Over the next five years I repeated these patterns of behavior.
I lamented the money I was wasting, chastised myself for ruining my and my family’s health, and felt utterly reproached by my weakness.
Each time I lit up, those feelings left in a puff of smoke.
Until I could no longer deny the dark brown plugs of mucus I was finally able to hack up each morning, the ache in my ribs from the heaving, and the breathlessness I faced walking up the slightest incline or trying to keep up with my kids.
One of the best ways to kick a bad habit to the curb is to make a plan and prepare, prepare, prepare.
“There is a new drug in clinical trials that’s showing strong results,” my physician—still trying to persuade me to kick the habit—said three years later during another routine exam. “It should be on the market in a few years,” he replied to my question about the product’s availability.
I tucked that information away in the back of my mind for the next one-and-a-half years.
I had been smoking twenty-six-and-a-half years when he wrote me the prescription for Chantix.
I had a hysterectomy for scheduled for mid December and my goal was to have quit two months prior to that date.
On September 1st, 2006 I stumbled upon Warren’s affair.
As my life unraveled faster than one of those strings on a feed bag, I questioned if I could go ahead with my plans in the face of so much stress.
But a few weeks into the chaos, I chose to stick with my plan, determined I wasn’t going to let Warren’s actions derail me.
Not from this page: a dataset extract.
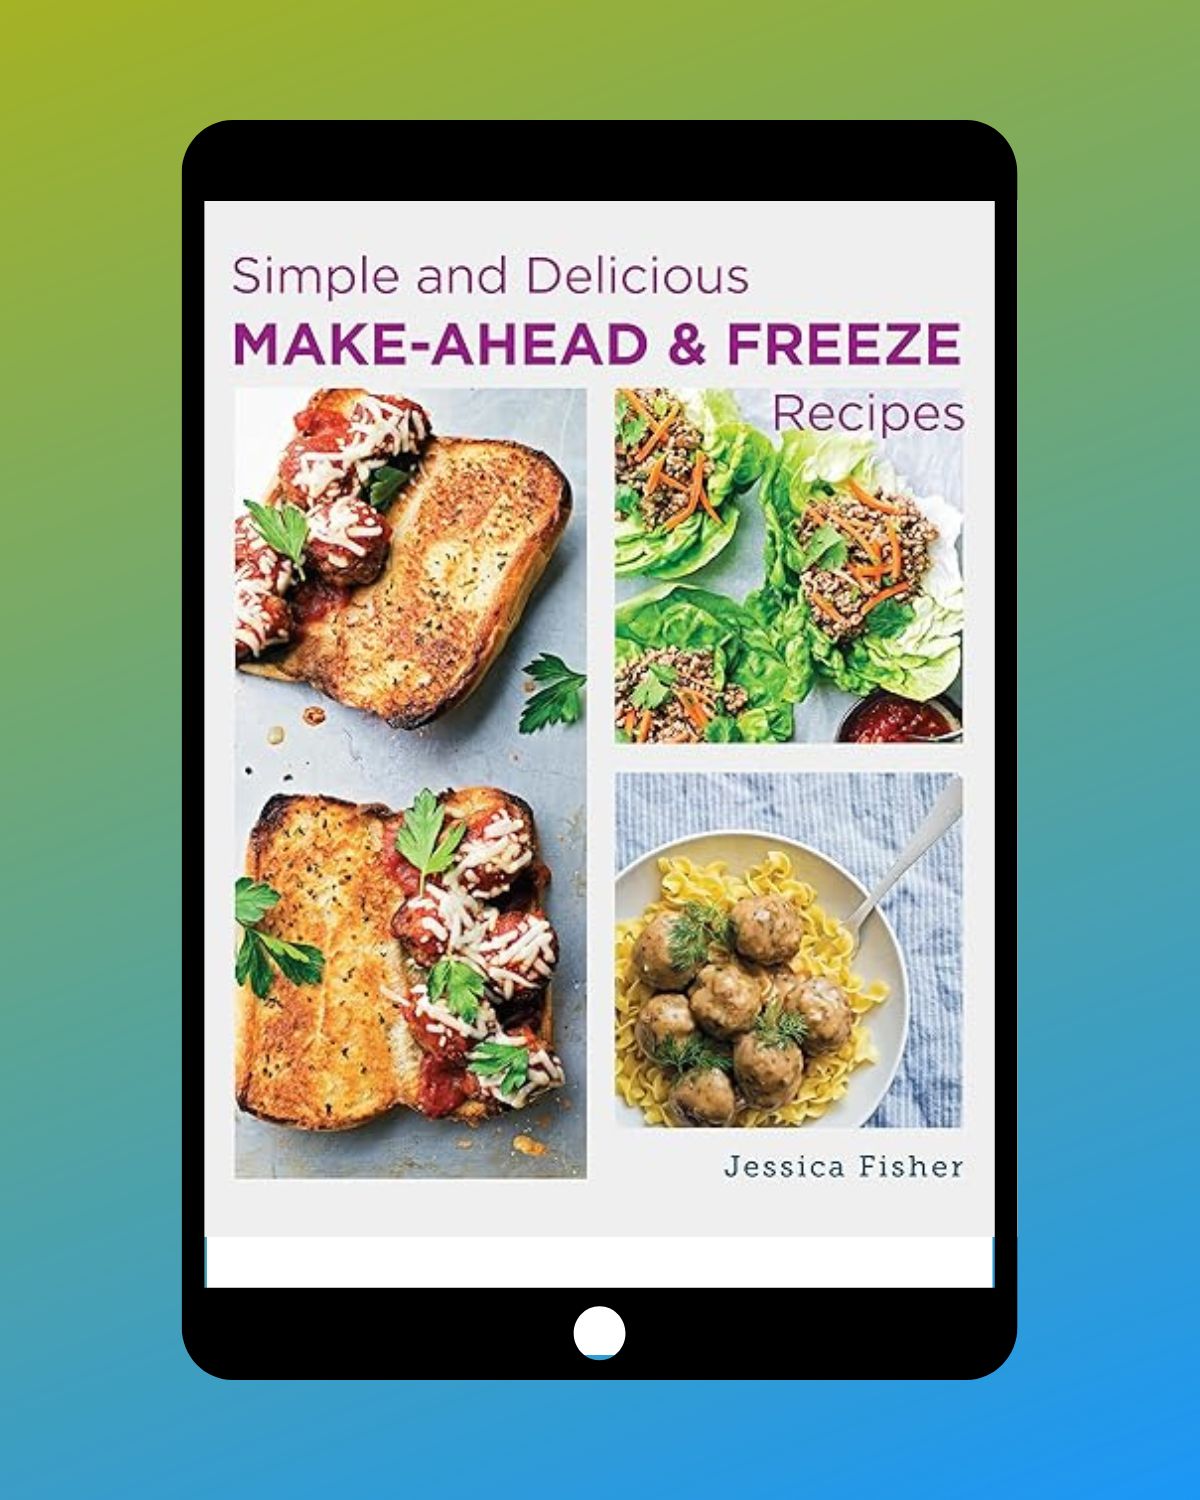 simple and delicious cookbook loaded on an ipad with a green and blue background.

Whereas I usually throw away those pharmaceutical inserts, I sat down with those pages and pages of medical jargon/instructions and read every single word.
Personally, I liked the fact that I could smoke for two weeks while using the drug, a much easier weaning period.
By the middle of the second week, the drug was taking effect and smoking began to leave a negative taste in my mouth. Literally.
I had planned on cutting the numbers I smoked in half each day, but by the middle of the second week I found I had no desire to smoke even one of my allotment. So I quit.
One urge at a time, sugar free gum and water replaced cigarettes.
The water tip turned out to be one of my greatest assets.
Many months after I quit I was sharing with someone how I prepared to quit when it dawned on me: I had basically spent almost two years preparing myself to quit when Chantix came out.
What can I say? It takes some of us a lot longer to figure things out.
Recognition and rewards are important in continuing to build on your success.
I chose not to reward myself with shopping sprees or other material items. Why, after a month I quit tracking how many days it had been.
I didn’t want to make smoking the focus of quitting.
I did, however, take a weekend trip to NYC to take in a show. And I didn’t feel guilty about spending the money.
But for others, counting the days is crucial to long term success. I met a girl who set up an excel spreadsheet to do the counting for her.
“Three-hundred-twenty-three days smoke free,” she said one night.
I also don’t refer to myself as a non-smoker. I refer to myself as a recovering smoker.
Anytime I walk by someone freezing in the cold in answer to their addiction, or walk into a plume of smoke, this thought runs through my mind: I am so happy I don’t do that anymore.
That is my number one reward…
That and five years without bronchitis or any major upper respiratory infection…
How about you? Have you battled and overcome an addiction? Share your story here. You never know whose life you just might help save.